:: What you will do ::
Whenever an image turns up, omit it and return the remaining data exactly.

:: Raw data ::
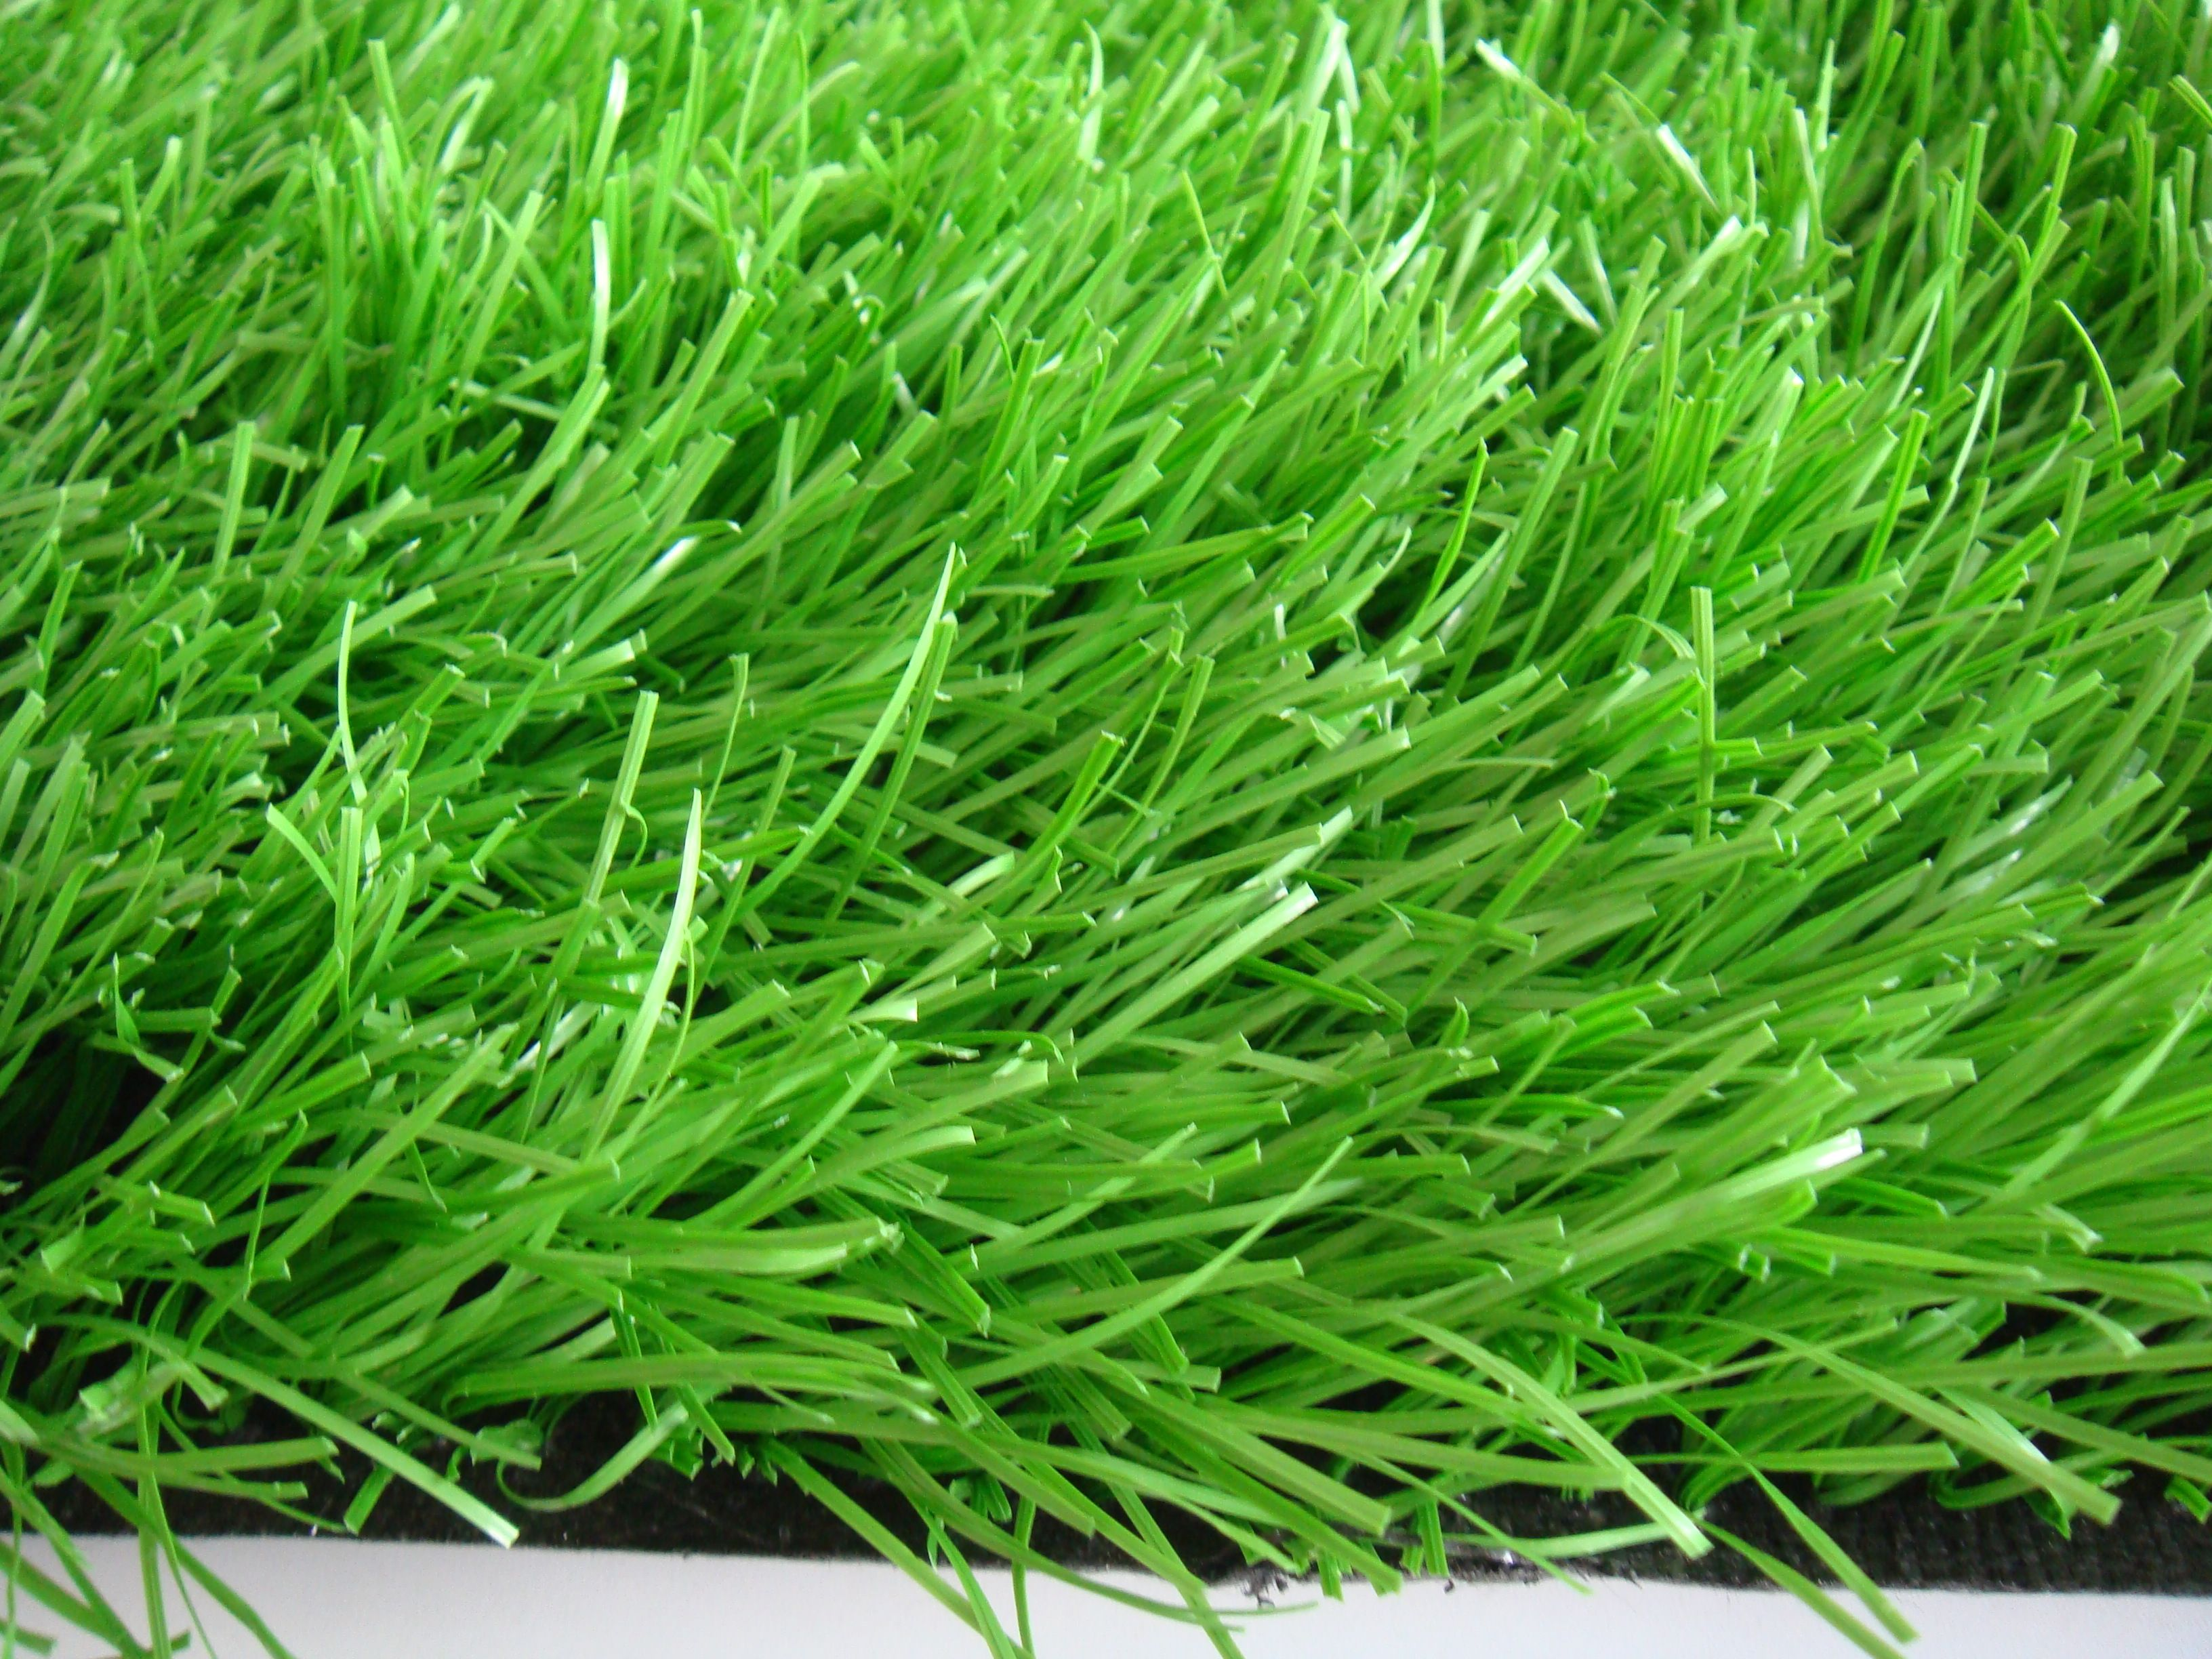 Bên cạnh đó, rubber granules còn góp phần giảm chấn thương, tăng độ nảy bóng cho các cầu thủ trên sân hoàn thành tốt trận cầu của mình.
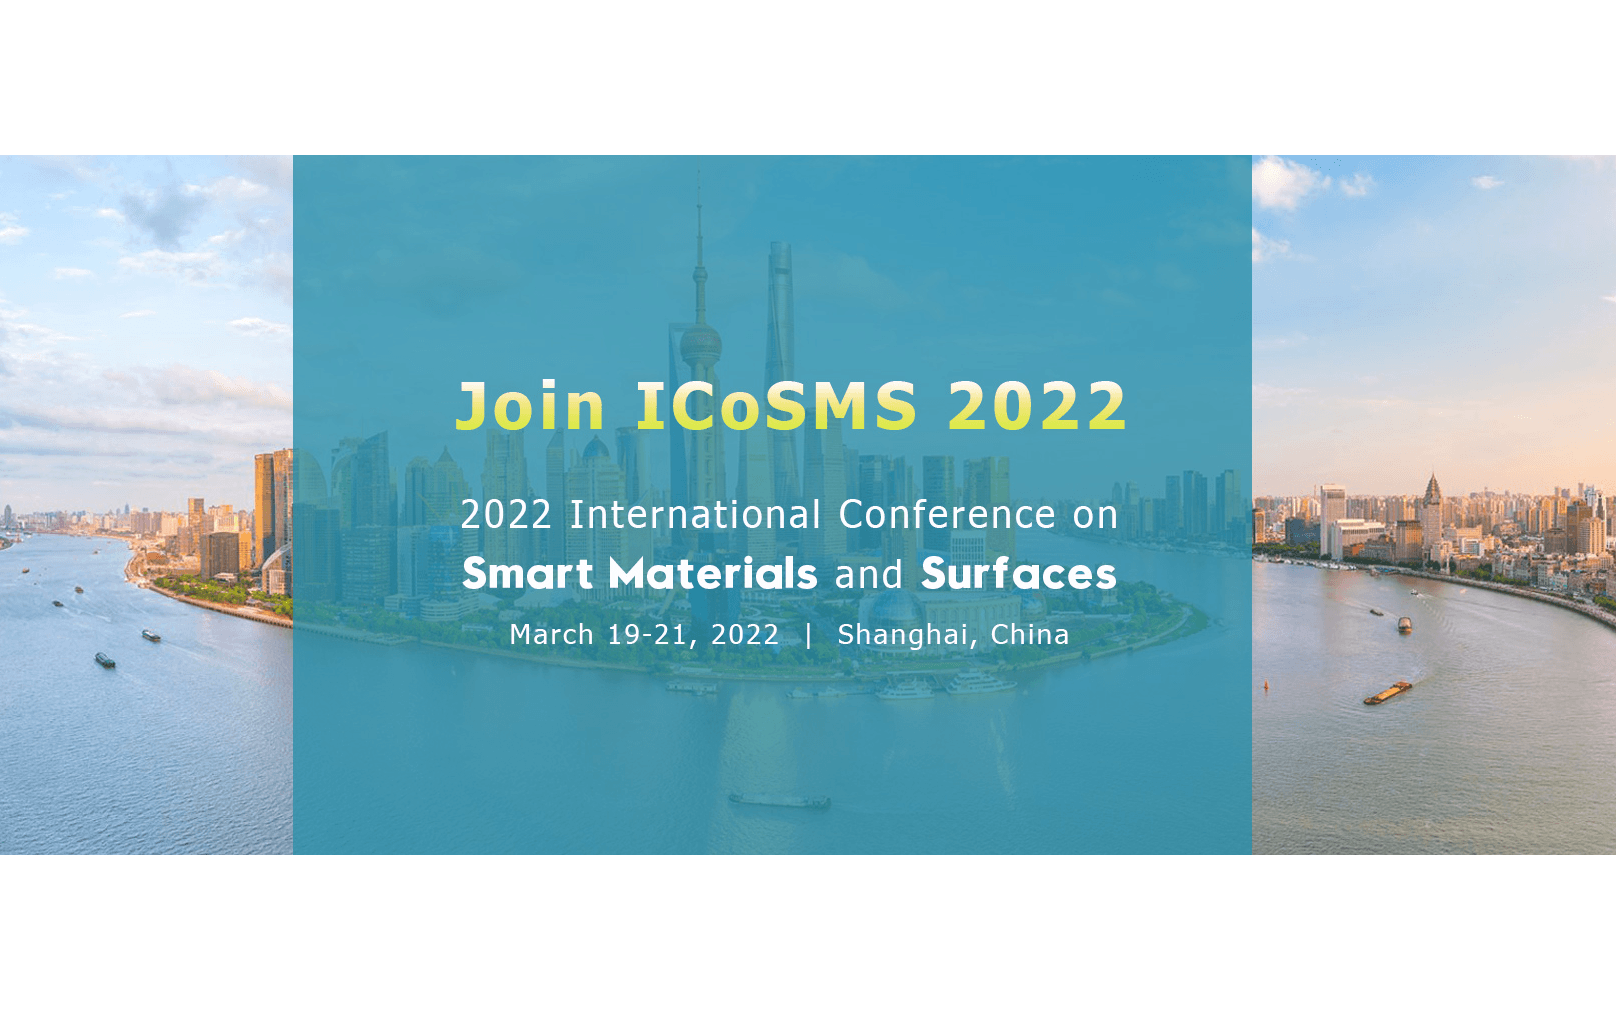 【EI检索】2022年智能材料与表面国际会议(ICoSMS 2022)
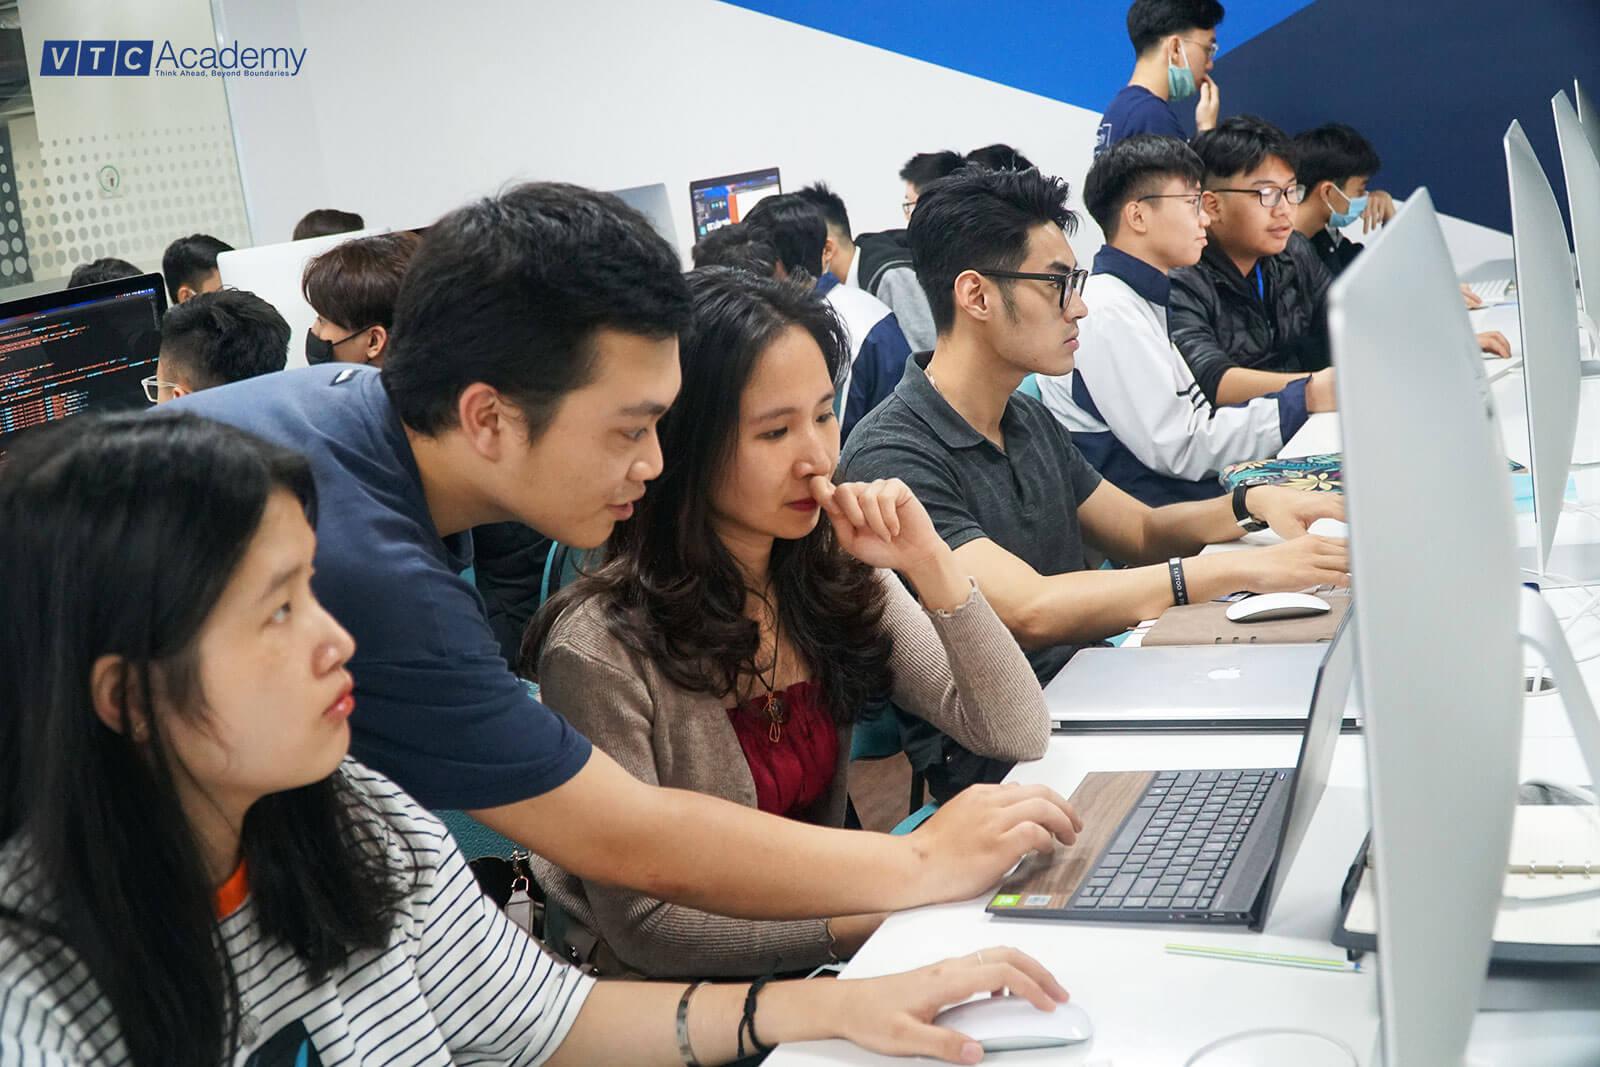 VTC Academy tổ chức nhiều hoạt động tìm hiểu về lập trình và thiết kế trong tháng 03/2021

:: Response to this exercise ::
 Bên cạnh đó, rubber granules còn góp phần giảm chấn thương, tăng độ nảy bóng cho các cầu thủ trên sân hoàn thành tốt trận cầu của mình.
 【EI检索】2022年智能材料与表面国际会议(ICoSMS 2022)
 VTC Academy tổ chức nhiều hoạt động tìm hiểu về lập trình và thiết kế trong tháng 03/2021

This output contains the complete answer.